Every member of the panel believed that Australia would benefit from a well-funded Centre for Diseases Control (CDC), as exists in the US.
The Albanese government committed $90.9 million in the 2023-24 federal budget to support establishing a CDC. An interim CDC was established in January. Its permanent location is not yet determined.
The Kirby Institute’s Professor Greg Dore suggested it might be necessary for states to cede some power for such a body to function.
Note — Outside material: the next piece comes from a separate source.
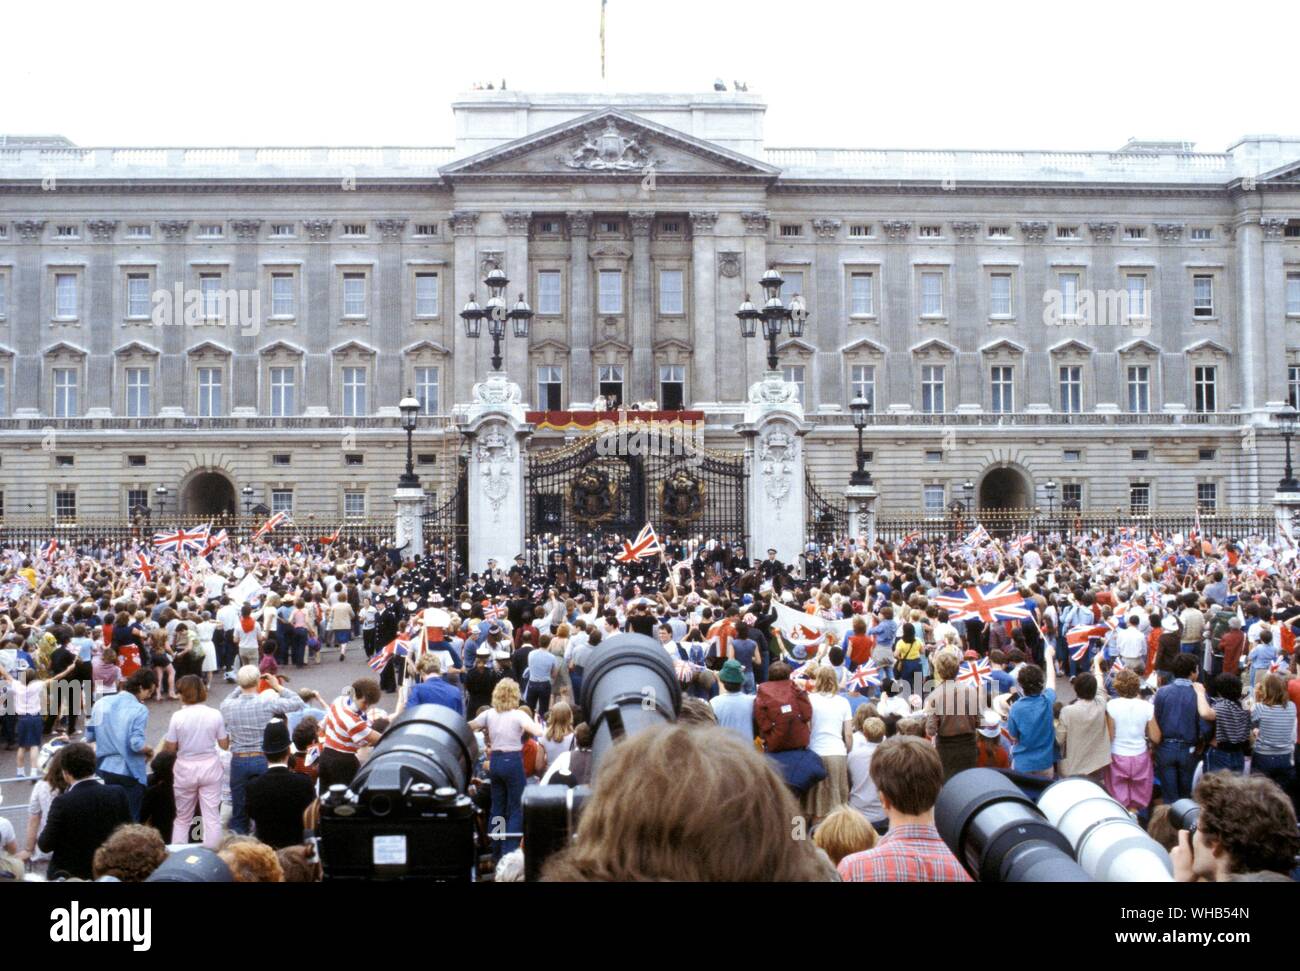 La Folla di wellwishers fuori Buckingham Palace per vedere il principe Charles e Lady Diana Spencer il giorno delle nozze il 29 luglio 1981. Foto Stock

“I’m not completely pessimistic about CDC, but it’s hamstrung by a lack of political will and investment at this stage,” he said.
University of Sydney epidemiologist Professor Eddie Holmes agreed the CDC needed to be a federal system with control: “If it’s just lip service, or a hub and spoke model and states have still got autonomy – what’s the point?”
In response to questions following the panel, federal Health Minister Mark Butler said the interim CDC was already strengthening Australia’s pandemic preparedness, particularly in relation to surveillance capabilities and use of data.
NSW Health Minister Ryan Park noted the state’s health ministry had already conducted two internal reviews of its health response.
“We are working hard to ensure the findings and recommendations from those reports are being implemented as quickly as possible, including the sharing of data and information with our state, territory and Commonwealth colleagues,” he said.
The expert panellists spoke in their academic capacity and not on behalf of NSW Health, the World Health Organisation, or ATAGI.